AQR Insight Award

Taming the Factor Zoo

Read Time - 10 min

Overview
Since the introduction and subsequent first test of the Capital Asset Pricing Model (CAPM) market factor over 40 years ago, the asset pricing literature has produced hundreds of potential risk factors. Along with the rise of this “factor zoo,” distinguishing between useful, useless, and redundant factors from among them has become increasingly important. The authors propose a new methodology that allows researchers to systematically test and evaluate potential new factors for asset pricing.  The model’s usefulness stems from its explicitly accounting for possible mistakes (like omitted variables) in model selection as opposed to assuming the researcher’s model is perfectly chosen. This is especially important as the number of potential factors is large (and growing), so researchers cannot be sure to have chosen the correct model. The authors then apply their approach to a large set of factors recently proposed in the literature and show that appropriately selecting the benchmark model against which to evaluate new factors represents a robust way to determine the usefulness of new factors.

Investigation
With the rise of factors in asset pricing, it has become critically important to discriminate between new, useful factors that should be employed versus those that are not useful, or redundant. That is, are there really 300 useful factors as the cumulative asset pricing literature suggests, or are they all some combination of a smaller set? A robust framework is needed to select from among the myriad of factors found in the literature and to discipline the proliferation of factors. The dominant asset pricing approach currently in place to evaluate any new factor is to compare it to standard models in the literature, like the Fama-French 3- and 5-factor models. But, how do we know that this model is the correct benchmark? The authors propose another approach that tries to compare the contribution of a new factor to all existing factors while simultaneously trying to avoid data snooping biases.

Such a comparison is infeasible using standard approaches. The authors apply and extend recent model selection econometric techniques in order to systematically (not arbitrarily or data mined) select the best possible control model out of the existing, known set of factors. The contribution of any new factor is then compared to the control model. The proposed methodology termed double-selection LASSO draws from machine learning to employ a two-pass regression approach without assuming prior knowledge of which factors to include as controls from among the possible hundreds of factors found in the literature.

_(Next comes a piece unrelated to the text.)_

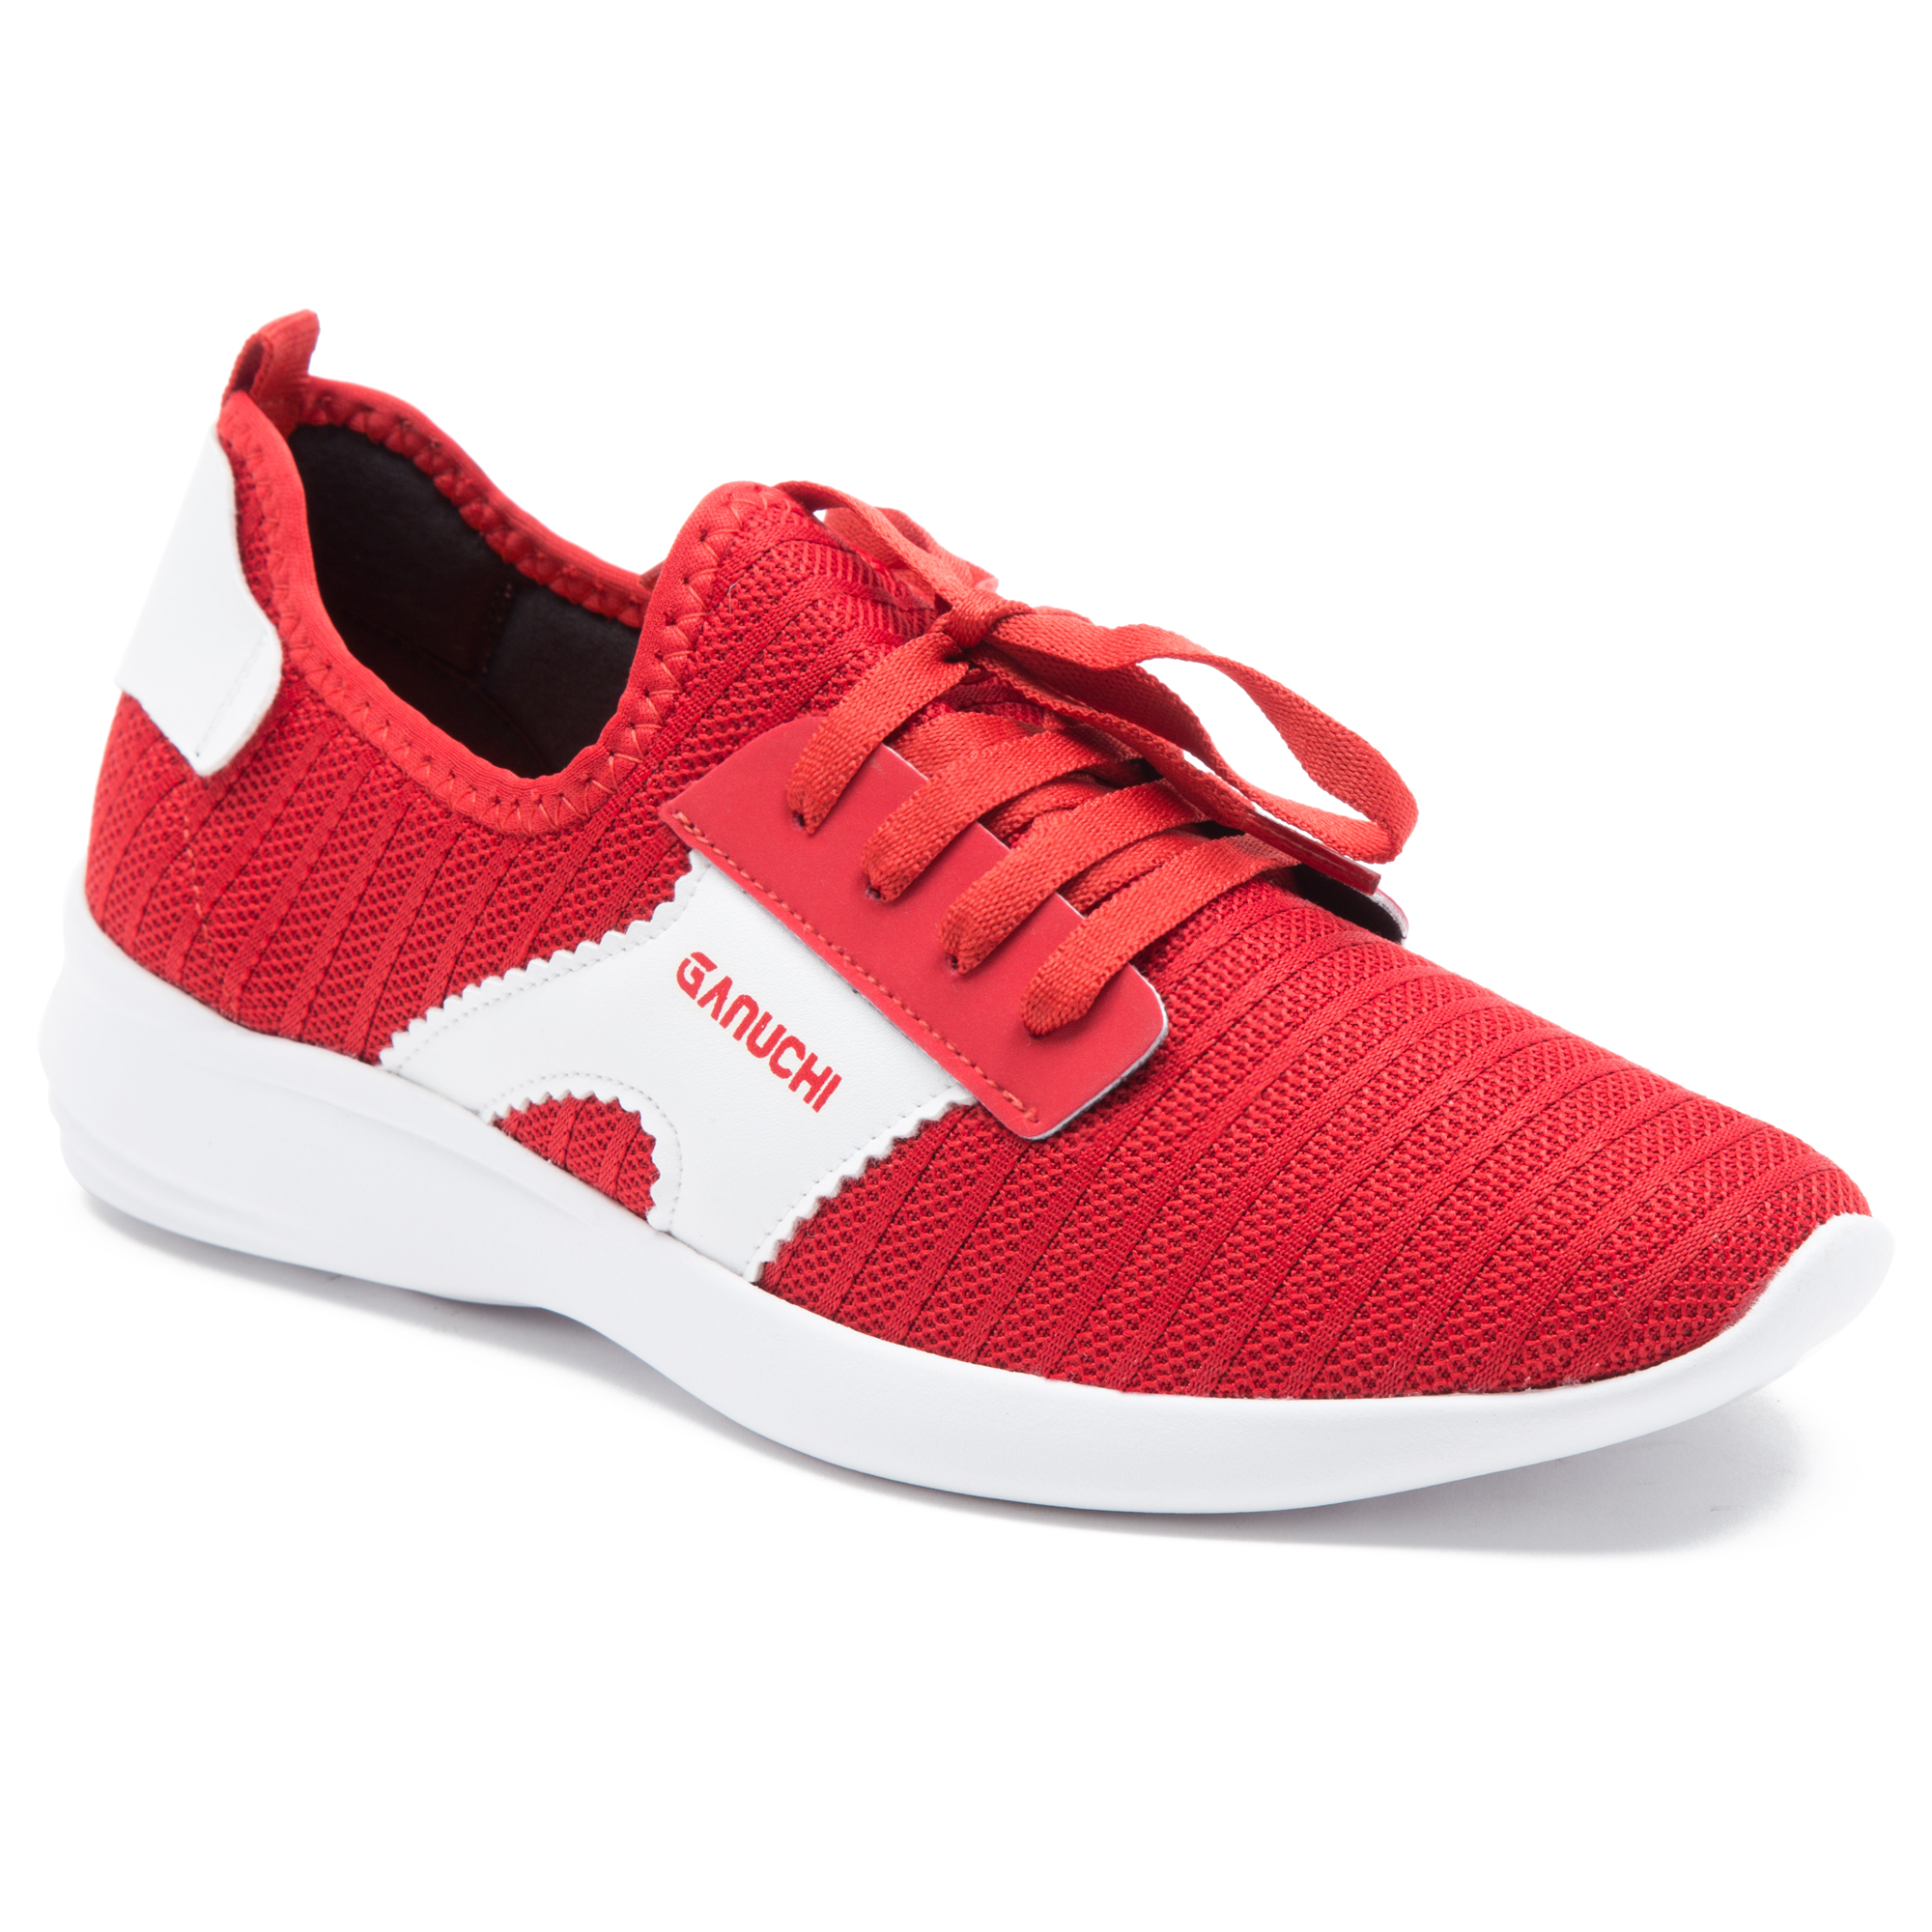 GANUCHI   Ganuchi by Franco Leone Women's Mesh Red Running Shoes
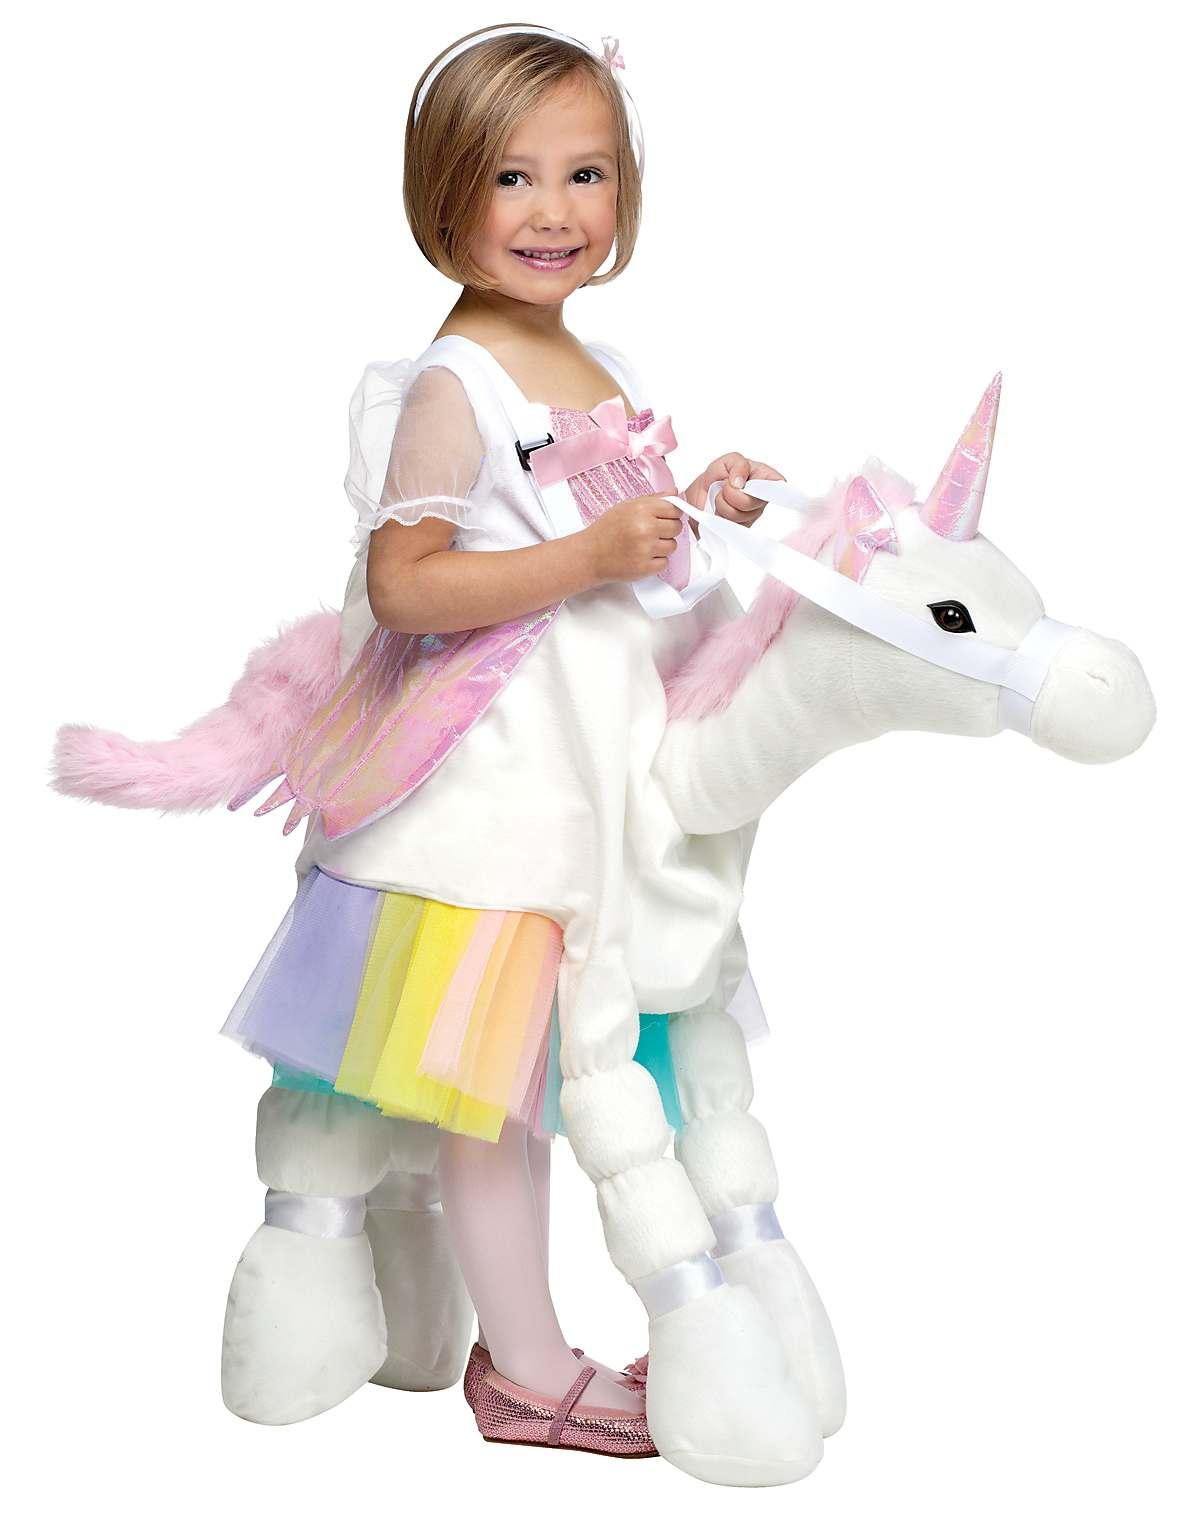 Kids Unicorn Costumes for Halloween

The authors apply their methodology to a large set of more than 150 factors proposed over the past 30 years to evaluate the marginal contribution of new factors proposed in just the past five years. The new factors examined include profitability, betting against beta, quality minus junk, and investment, among others. One might expect that with over 30 years of research, newly “discovered” factors might contribute little, if anything, to explaining the cross section of expected returns; however, the results show otherwise. The authors find:

  • Several new factors make a significant contribution to the explanatory power for expected returns including profitability, investment, and quality minus junk even after accounting for the large set up factors proposed in the years prior to five years ago.
  • The evaluation of the usefulness of these significant factors were found to be robust, or stable across different samples.
  • Applying the proposed test over time to some 150 factors proposed in the literature deems only a small number of them significant, thus significantly reducing the “zoo” of factors.
  • The authors’ model results differ meaningfully from the conclusions one would obtain by using the well-known Fama-French 3-factor model as the control benchmark — fewer new factors would be considered to contribute significantly on the margin.

Conclusion
Making meaningful progress in asset pricing research requires an improved framework for evaluating and disciplining the proliferation of asset pricing factors. This suggests a robust approach for studying the marginal contribution of new factors relative to the immense set of existing ones is needed to allow a way to screen new factors as they are proposed.  The authors offer a two-step model-selection method to bring discipline to this challenge and to help researchers organize the current zoo of factors. Their approach, based on machine learning and model selection techniques, systematically evaluates the contribution of any new factor to asset pricing.  Using their approach to evaluate a large set of factors proposed in the literature reveals that only a small number of factors capture truly new dimensions of risk.